- Born: Carmarthen, Wales
- Known for: Man Down (TV series); Tourist Trap (TV series);
- Spouse: Rhod Gilbert (m. 2013)

= Sian Harries =

Welsh writer and actor

Sian Harries is a Welsh writer and actress. Her writing includes TV comedies Man Down and Tourist Trap. Harries is married to comedian Rhod Gilbert.

== Career ==
Harries worked on season one of Man Down and was promoted to co-writer during the show's second season. She wrote and starred in Tourist Trap on BBC Wales, O'r Diwedd on S4C and the BBC Radio Wales sketch comedy show, Here Be Dragons.

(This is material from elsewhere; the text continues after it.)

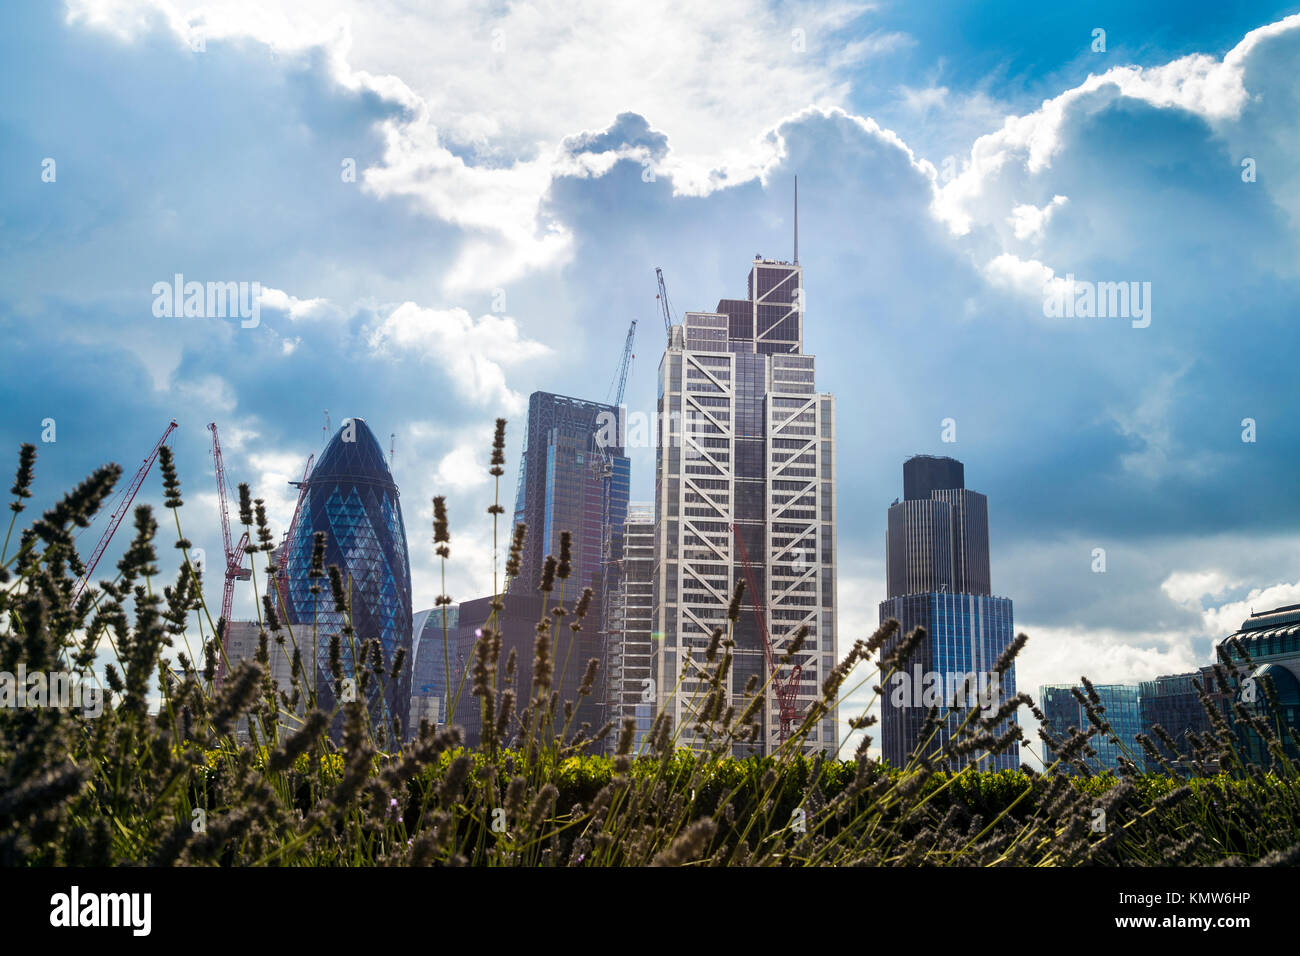 Vista della città di Londra grattacieli (Gherkin, Cheesegrater, Heron Tower, torre 42) con piante e erba in primo piano, London, Regno Unito Foto Stock

In 2018, Harries co-produced, wrote, and starred in the film, NeckFace. She was nominated for Best Short Film (with Barry Castagnola and Jacqueline Wright) for NeckFace at the BAFTA Cymru Awards that year.

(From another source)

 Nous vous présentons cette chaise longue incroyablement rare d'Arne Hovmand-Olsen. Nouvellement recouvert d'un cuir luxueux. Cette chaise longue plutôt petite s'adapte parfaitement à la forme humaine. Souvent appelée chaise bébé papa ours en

In June 2020, Harries and her partner Rhod Gilbert launched a podcast titled, The Froth. She was named "one to watch" by the Edinburgh TV festival in 2021. Harries and Gilbert co-own the production company, Llanbobl Vision.

== Personal life ==
Harries was born in Carmarthen, Wales. She married her long-time partner, comic Rhod Gilbert, in 2013. In 2022, following Gilbert's diagnosis with cancer, the couple moved three times to live closer to the hospital where he was undergoing treatment.